Otro de los eventos que estremecieron a la sociedad mexicana fue el secuestro y la muerte de Fernando Martí, hijo de Alejandro Martí, propietario de la cadena de tiendas deportivas y gimnasios más grande del país. El niño, de 14 años, fue raptado el 4 de junio mientras iba de camino a su escuela. Los secuestradores exigieron un rescate de varios millones de dólares que fue pagado, pero nunca regresaron al niño. El caso indignó al país: más de un millón de personas se reunieron el 29 de agosto en el Zócalo de Ciudad de México, para protestar.

Además de esto, Calderón firmó un documento de 75 puntos, llamado Acuerdo Nacional por la Seguridad, la Justicia y la Legalidad, y se comprometió a que este fuera evaluado al cabo de 100 días. El pasado 28 de noviembre se venció el plazo y los resultados dejaron mucho que desear. Lo que confirma Lara Klahr: "El nivel de impunidad criminal es mayor al 95 por ciento. Eso quiere decir la impunidad es una garantía para los delincuentes".

Y aún faltaba más. El 4 de noviembre murieron, en un estremecedor accidente aéreo, el secretario de Gobernación, Juan Camilo Mouriño, y José Luis Santiago Vasconcelos, un importante asesor en materia de seguridad. Mouriño, Vasconcelos y otros funcionarios perecieron cuando su avión se desplomó sobre una zona comercial del Distrito Federal. Aunque no hay pruebas para pensar que se trató de un atentado -y todo parece indicar que fue un accidente-, semejante pérdida, en un momento tan delicado, fue, por decir lo menos, una trágica coincidencia.

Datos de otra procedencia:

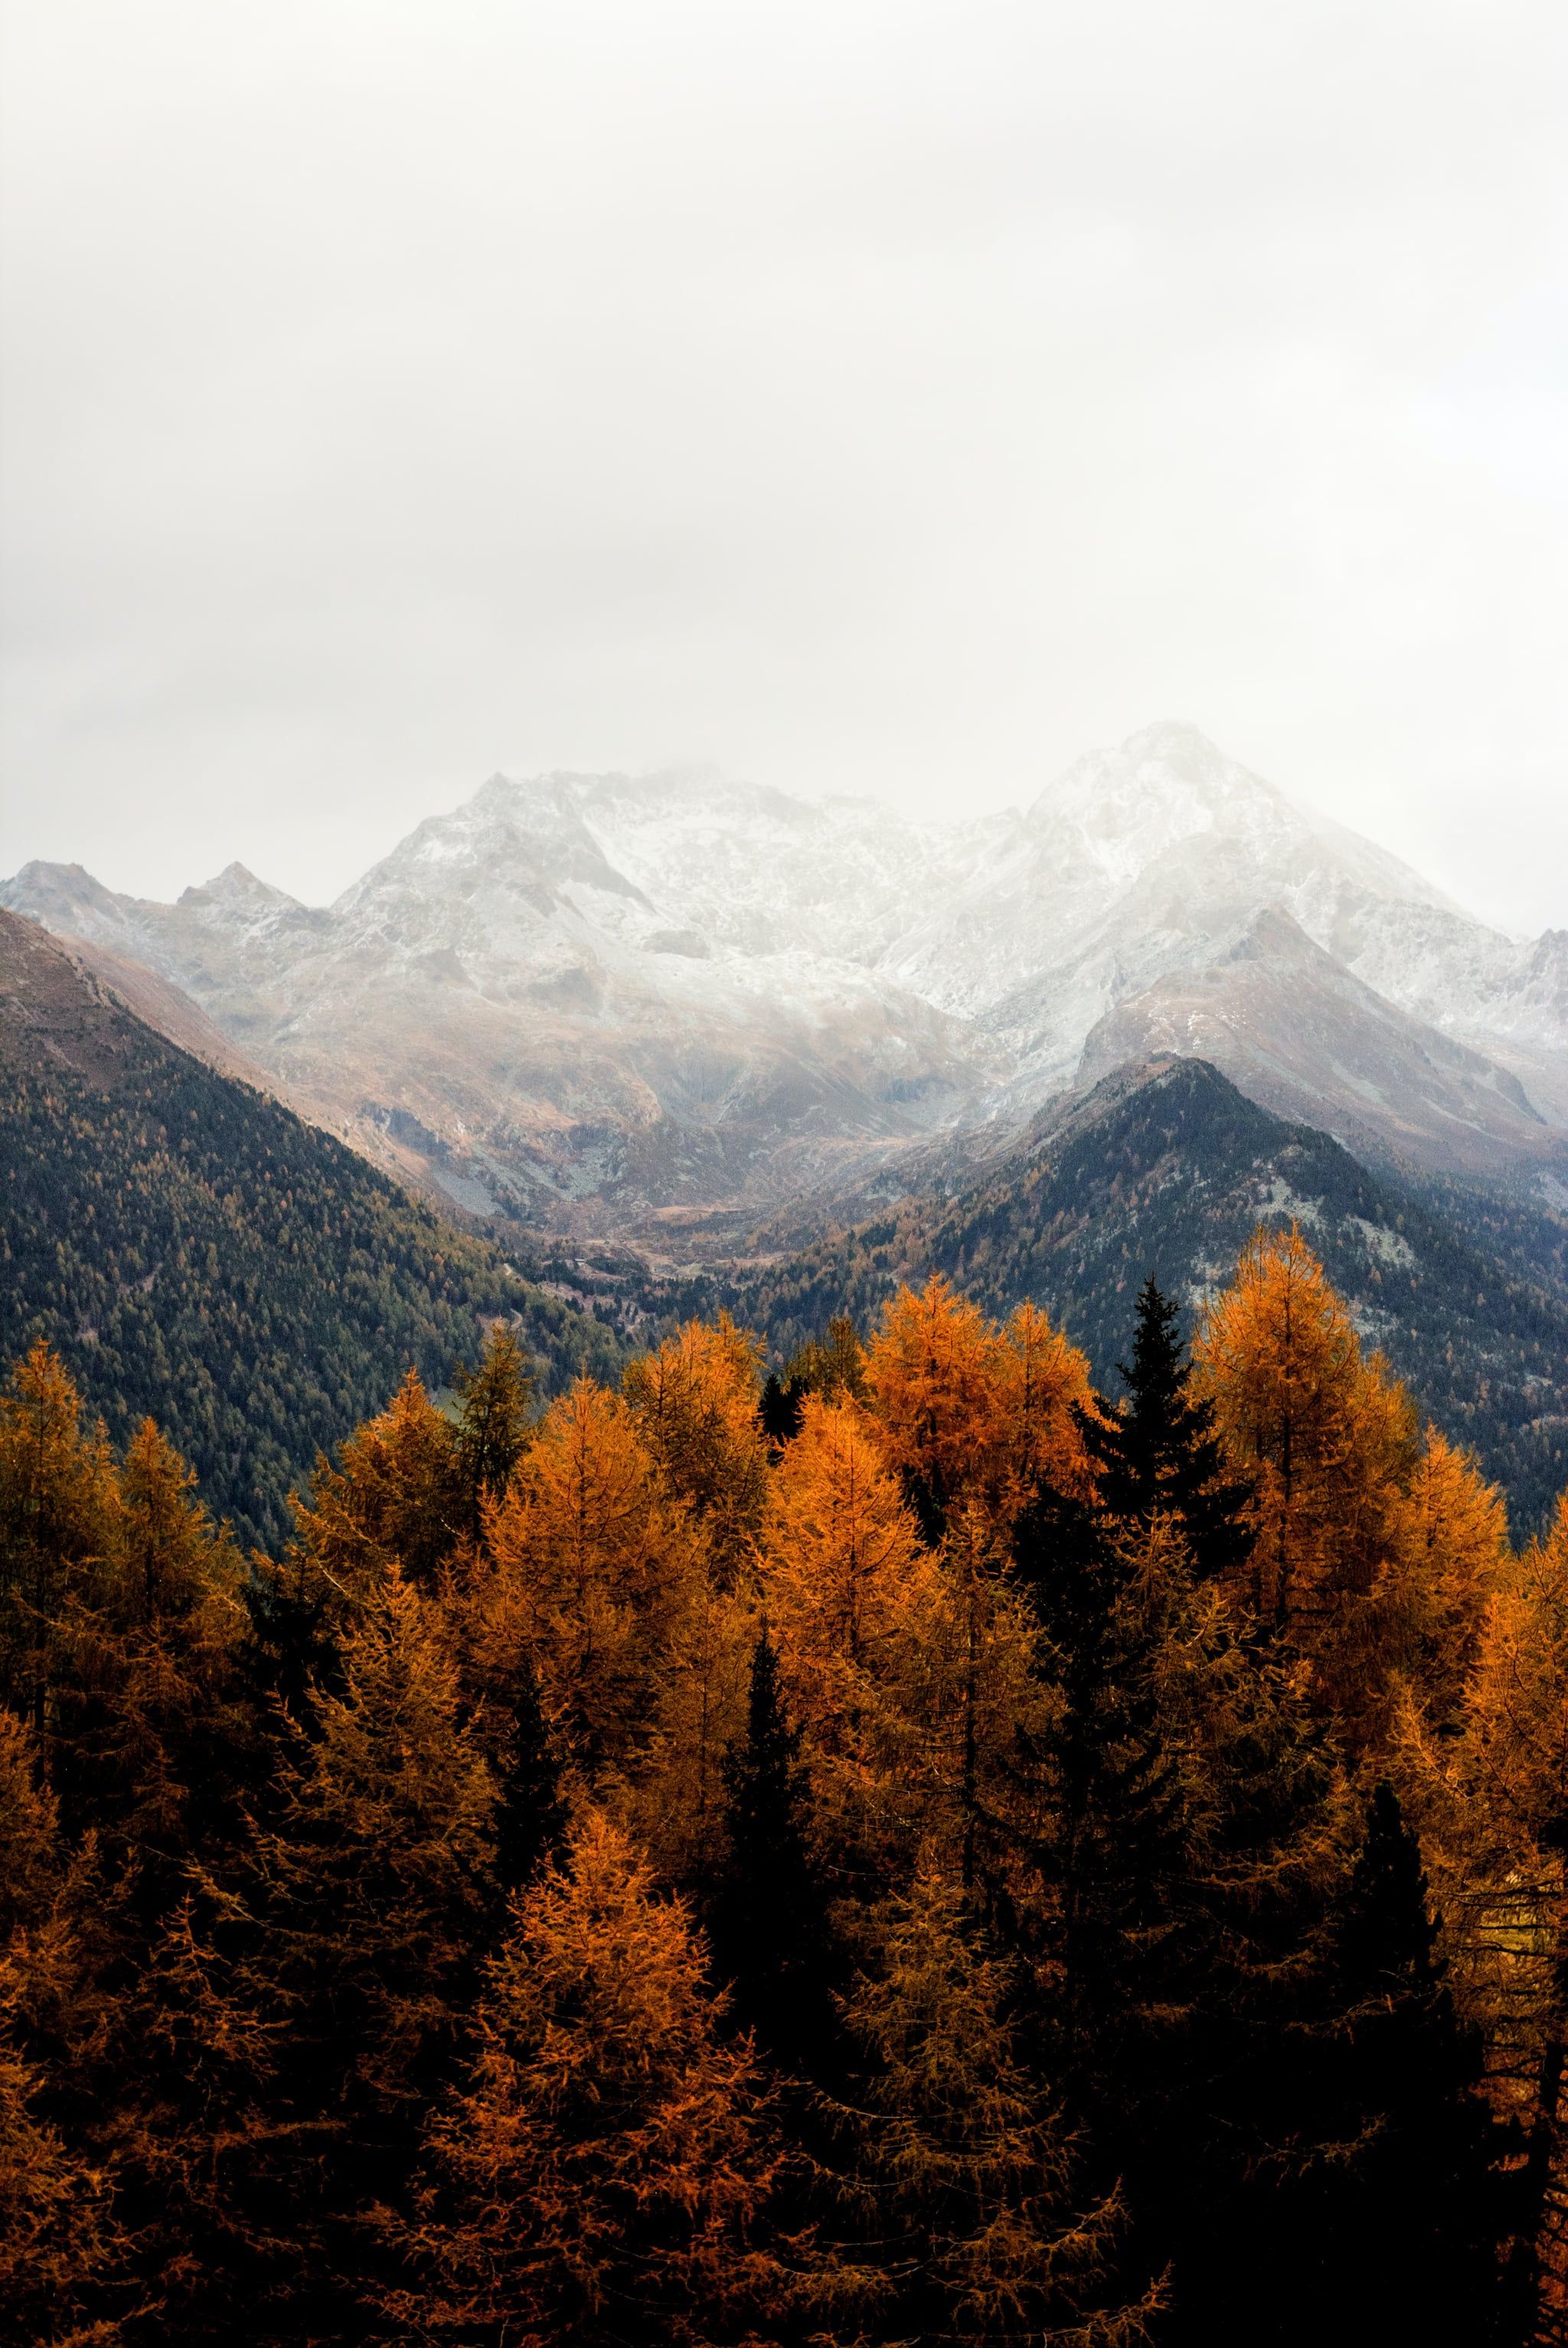 Fall Background: Mountain iPhone Wallpaper Fall iPhone Wallpaper That'll Instantly Make You Feel Cozy

Todo lo anterior ha llevado a que algunos planteen soluciones extremas, como imponer de nuevo la pena de muerte. Pero la realidad es que estas propuestas sólo aumentan la confusión. Como decía el escritor Juan Villoro en su columna del diario Reforma, el 19 de septiembre: "No sabemos quién es el enemigo. No sabemos quién es la Policía. Sabemos que estamos en la mira".